Re: How to find only one invalid char in src buffer with MultiByte
Hi Igor Tandetnik and Alex Blekhman,
Thank you for your prompt response. I also got same results here.
MB_PRECOMPOSED gives ZERO for all. What are precomposed characters?
I am working on client/server based application and client side. We are
providing UNICODE support for our application as well as backward
compatibility also. Here, I choosed WideCharToMultiByte and
MultiByteToWideChar api's to process data in UTF-8 or ACP. Is it correct?

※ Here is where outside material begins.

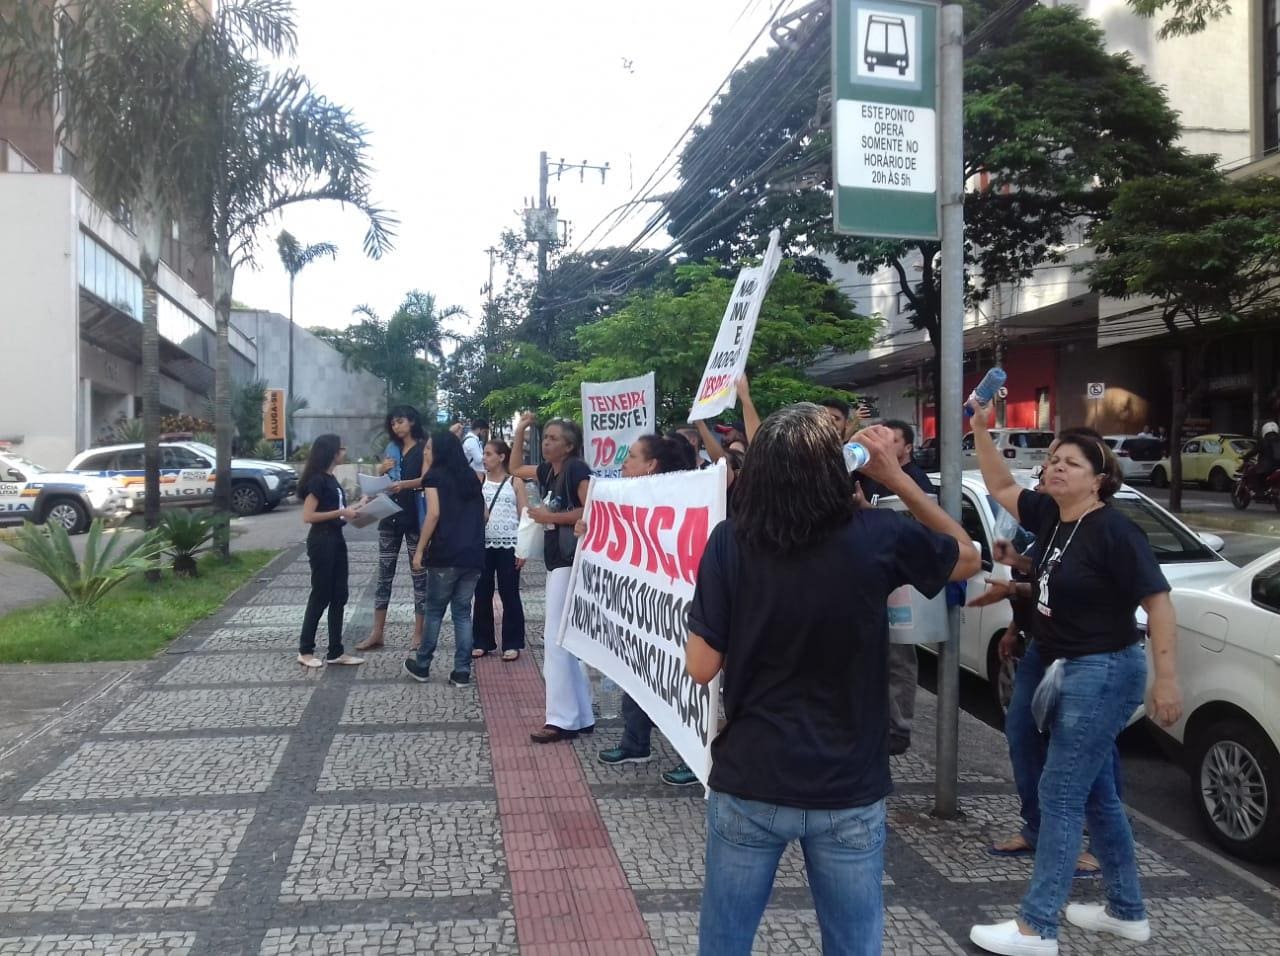 Cerca de 40 moradores do Santa Tereza manifestaram com faixas e cartazes do lado de fora, gritando “Teixeira Duarte resiste”

Requirement: my application recieves data (void*) from server through
sockets. I need to identify whether this data was encoded by UTF-8 or ACP. I
am sure, server side data was encoded by either UTF-8 or ACP.
I tried with below code snippet also. I dint get succes. Any clue on this
how to achieve?
code snippet:
---------------
CHAR szData[256] = {0};
strcpy(szData, "1??2345"); // (?? val 233 or -23 )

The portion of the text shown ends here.